Все же большого успеха его стихи, как видно, не имели – плеск аплодисментов быстро улегся. И какая-то неопределенная, молчаливая неловкость установилась в зале, все как бы ожидали чего-то еще. Чего-то еще ждал и сам Глеб – длинный, тонкий, с побелевшими губами, он стоял на краю сцены и словно бы искал глазами в толпе; руки его висели, как плети.
В заднем ряду поднялась Люся и во всеуслышание сказала:
– Браво! Очень волнует. Спасибо, Глеб!
Она вновь пыталась поддержать его.
Затем с бумажкой в руке встал председатель суда.
– Спасибо, Глеб! – повторил он и показал бумажку. – Вот и еще один отзыв о вашем творчестве, отзыв вполне компетентный. Получен он только сегодня из комиссии по работе с молодыми писателями, и подписал его Николай Уланов – маститый писатель. Я опущу начало его письма... – Председатель бросил взгляд в сторону Ногтева. – Вы не знакомы еще с этим письмом, Андрей Христофорович? Я вам его передам. Так вот...
И председатель стал читать:
– «Самое страшное, что может произойти с литератором, – это оскудение жизненных связей, одиночество. Посоветуйте вашему молодому поэту не бояться жизни, кинуться в ее гущу, в ее тесноту. Есть ли у него литературные способности? Мне кажется, что есть, – председатель оторвался от чтения и посмотрел на Голованова, – хотя на стихах его и лежит отпечаток книжности. Чтобы талант пророс, чтобы он зацвел и дал плоды, ему необходима почва – жизнь, жизнь, ее теплота, ее изобилие. Я бы на месте Голованова, в его девятнадцать лет, не усидел в четырех стенах – ходил, ездил, брался бы за любое дело – не обязательно в двух тысячах километрах от Москвы, можно и в двух километрах от своего дома.
Но упаси вас боже что-то административно предпринимать в этом направлении. Признаюсь, самый ваш запрос из ЖЭКа встревожил меня. Если даже этот запрос продиктован искренней заботой о будущем Голованова, я считаю не лишним напомнить вам известную историю с пустынником и медведем, который тоже был движим добрыми намерениями».

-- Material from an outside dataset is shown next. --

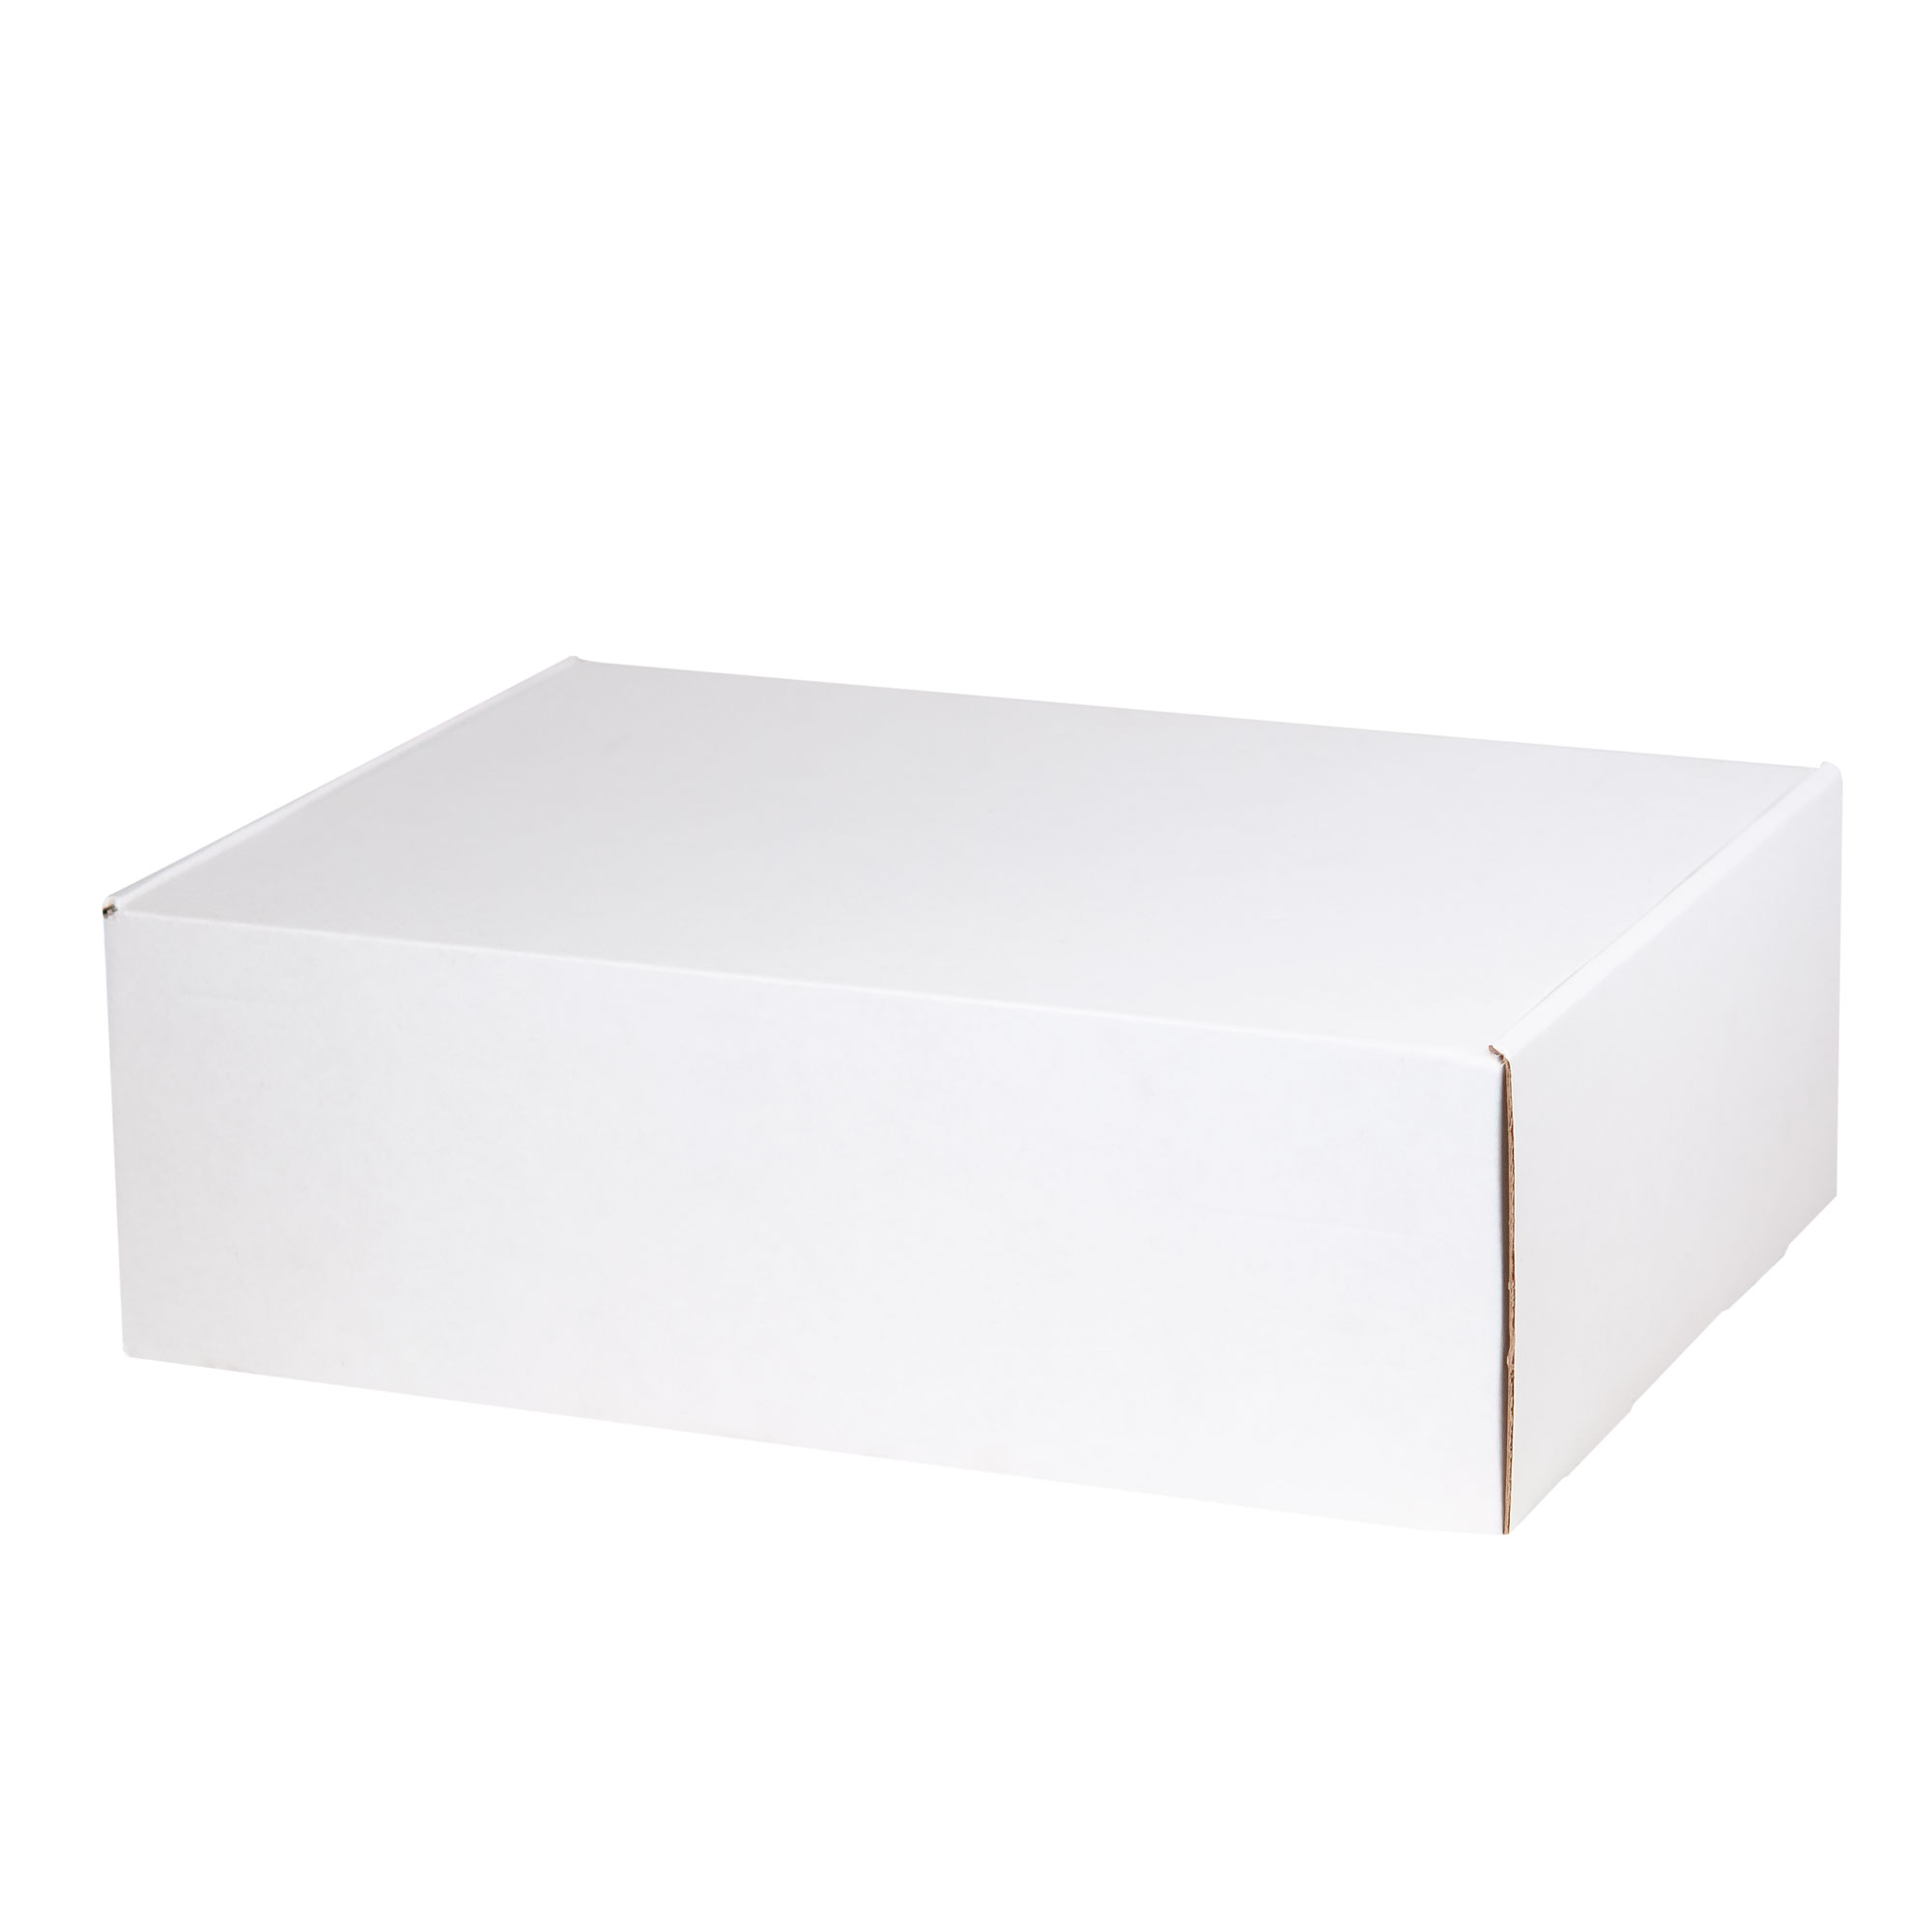 Подарочная коробка для набора универсальная, крафт, 350*255*113 мм

Председатель весело взглянул в зал, кашлянул и продолжал читать:
– «...Наше общество могущественно, богато и завоевало право на щедрость. Мы располагаем сегодня всеми возможностями отнестись с доверием к самому скромному проявлению таланта. С доверием – это значит также с терпением. Молодому человеку бывает свойственна и преувеличенная вера в свою избранность. Не будем его порицать – такая вера совершала порой чудеса, но будем внимательны к нему. Я не призываю к выращиванию общественных иждивенцев, ни в коей мере: быть внимательными – это быть требовательными. Но во всех случаях лучше уж обмануться в своих надеждах на молодого человека, чем проморгать что-то настоящее. Это настоящее можно и заглушить, задавить. Помогите Голованову найти себя... Хотелось бы и мне повидаться с вашим «трудным» юношей, дайте ему, пожалуйста, мой телефон и адрес. И скажите, пусть поторопится, недельки через полторы я уезжаю, вероятно, надолго. Тоже вот овладела мной «охота к перемене мест». С уважением...»
Председатель положил письмо на стол.
– Вот так, Глеб!.. Уразумели, чего мы от вас ждем, что будем требовать? – Он неожиданно подмигнул ему и повернулся к Ногтеву. – Андрей Христофорович, вы тоже слышали? С вашего позволения мы приобщаем этот отзыв к делу, – сказал он.
И суд удалился на совещание – председатель и заседатели, двигаясь гуськом, скрылись за зеленой елочкой, нарисованной на кулисе.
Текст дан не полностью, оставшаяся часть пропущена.